▶ [Dataset excerpt]:
┌────────
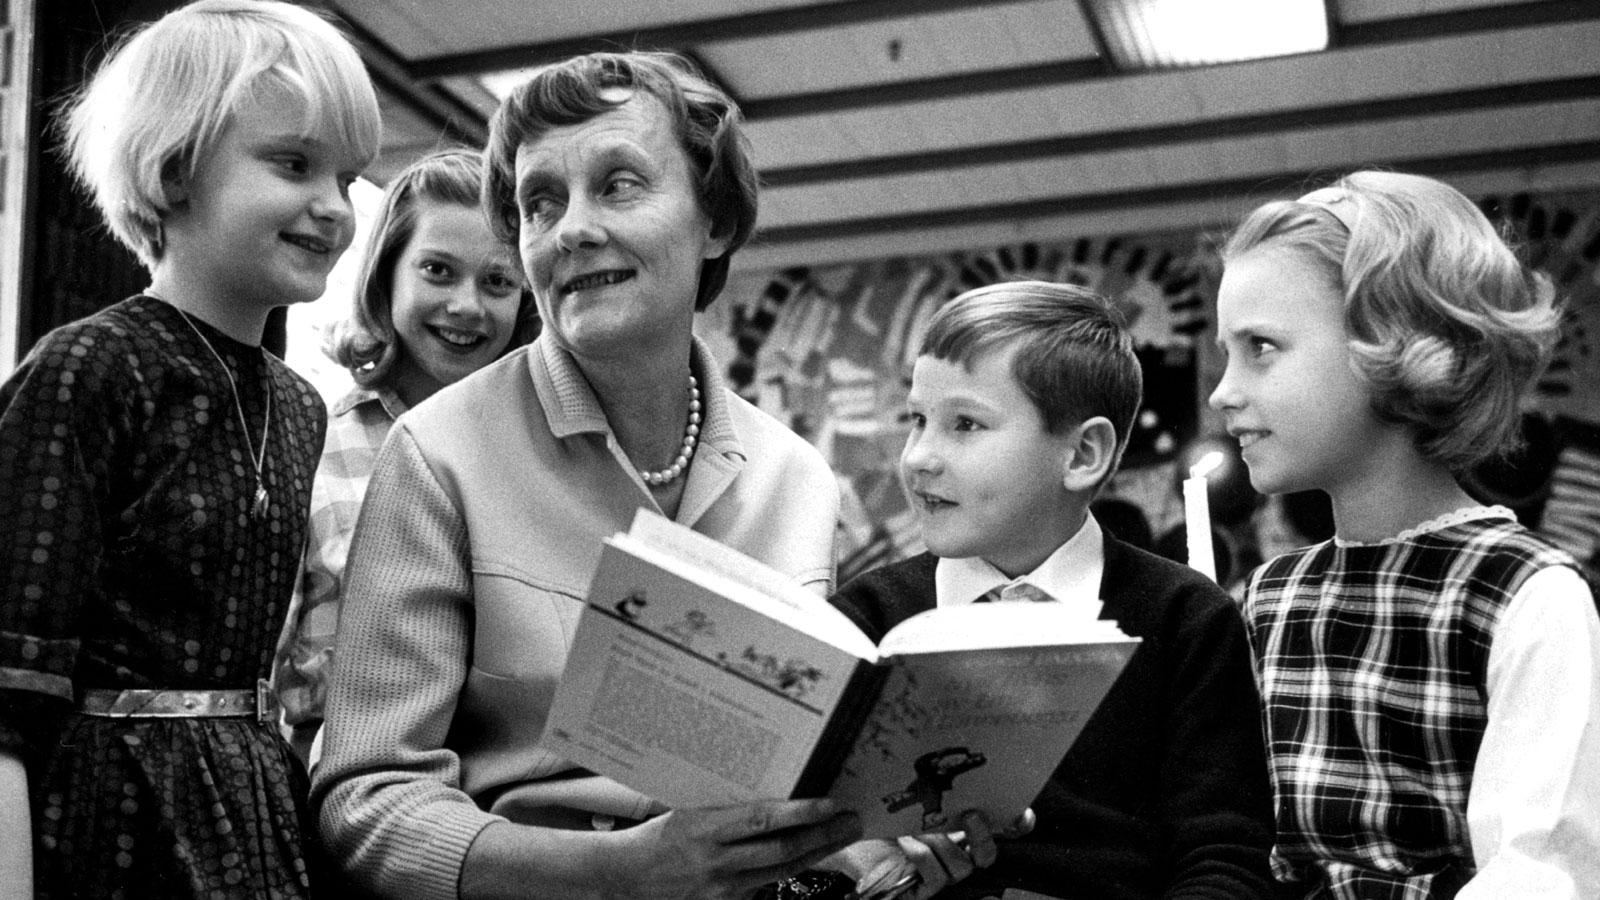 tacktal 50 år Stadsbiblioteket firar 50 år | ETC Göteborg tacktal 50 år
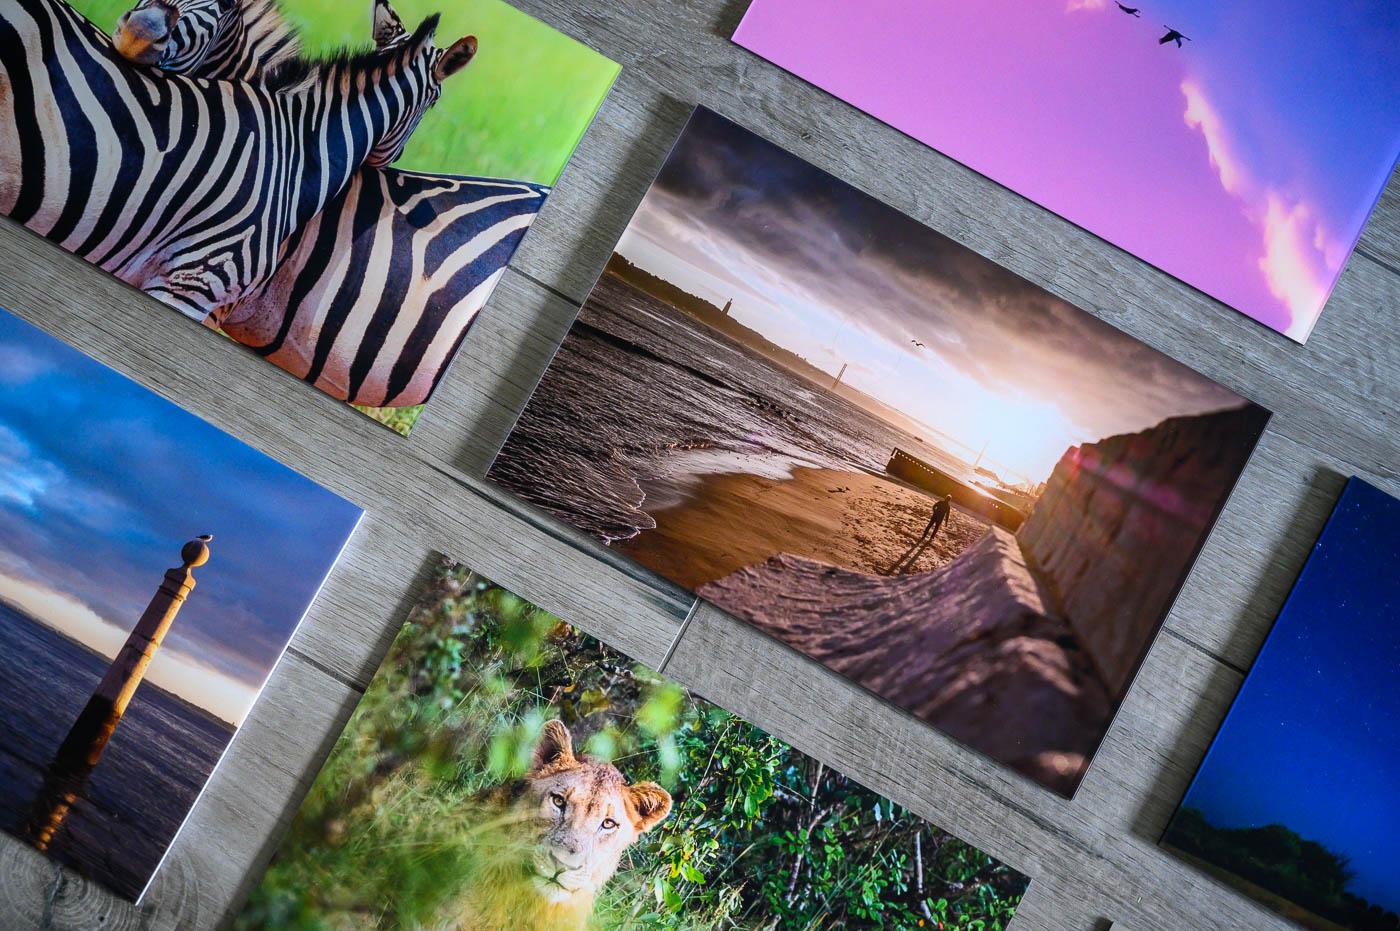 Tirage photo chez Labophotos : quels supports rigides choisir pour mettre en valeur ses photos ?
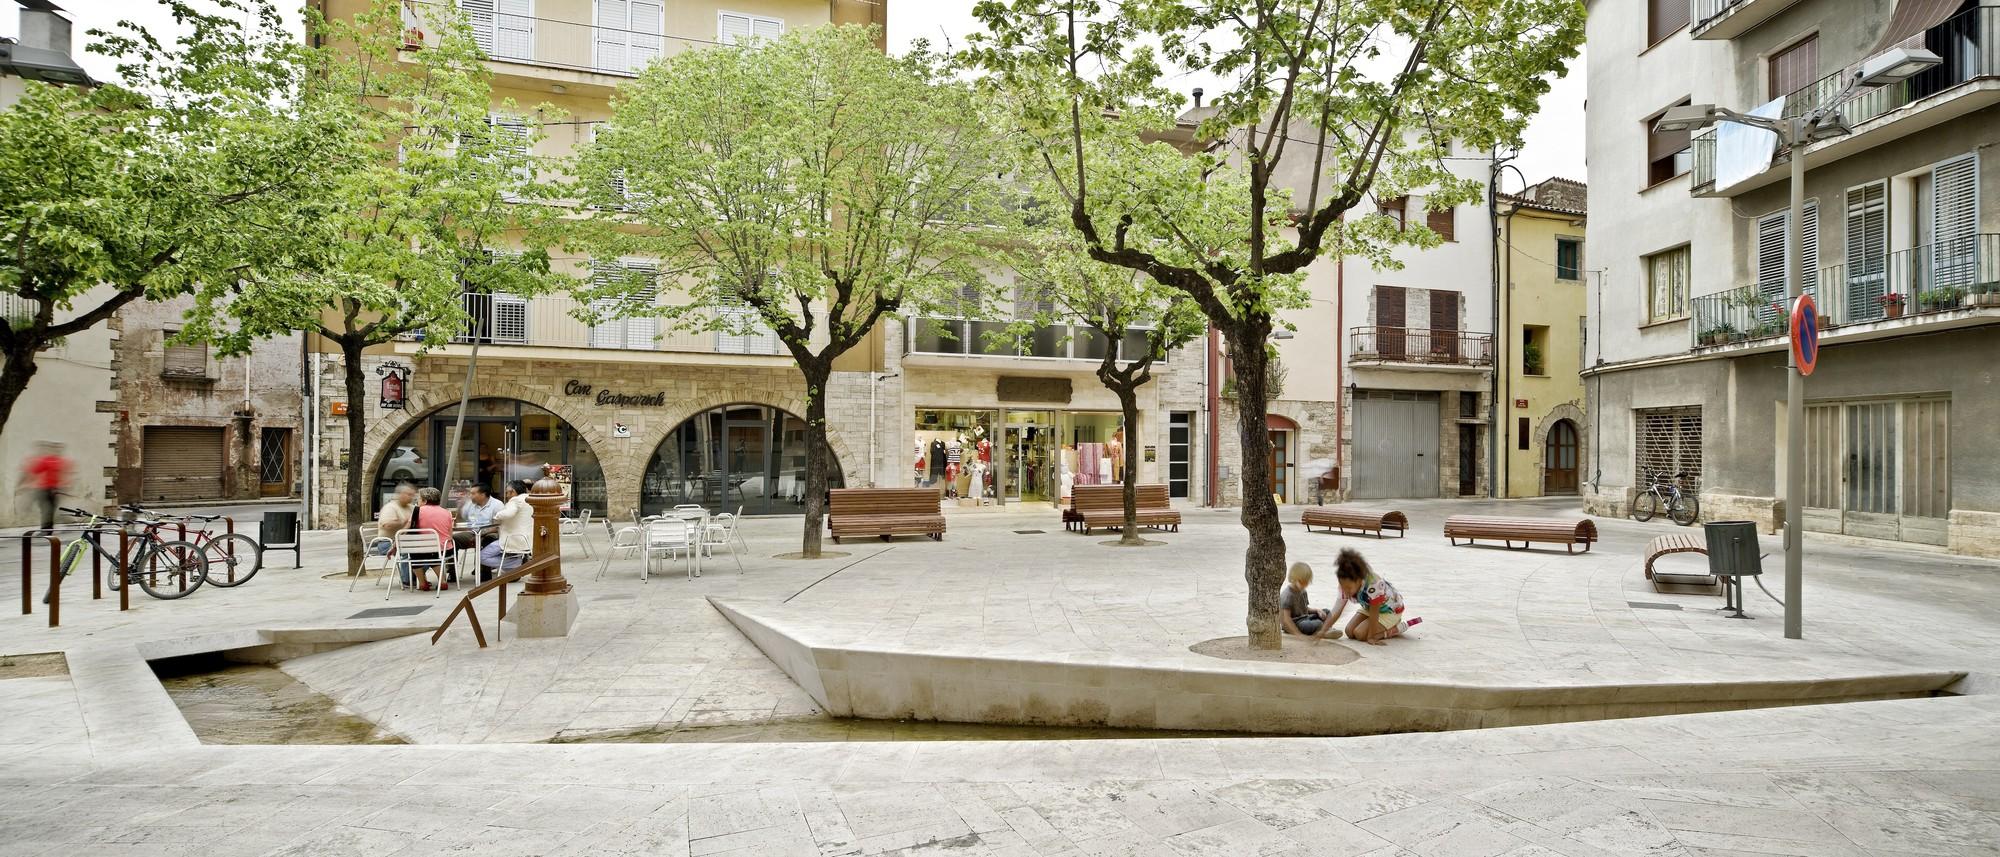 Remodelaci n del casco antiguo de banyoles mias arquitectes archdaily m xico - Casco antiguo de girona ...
└────────
▶ [Directions for this task]: The exact lines from the one containing "Tirage photo chez" through the end of the data are to be copied, with both ends kept and pictures left out.

▶ [Response below]:
 Tirage photo chez Labophotos : quels supports rigides choisir pour mettre en valeur ses photos ?
 Remodelaci n del casco antiguo de banyoles mias arquitectes archdaily m xico - Casco antiguo de girona ...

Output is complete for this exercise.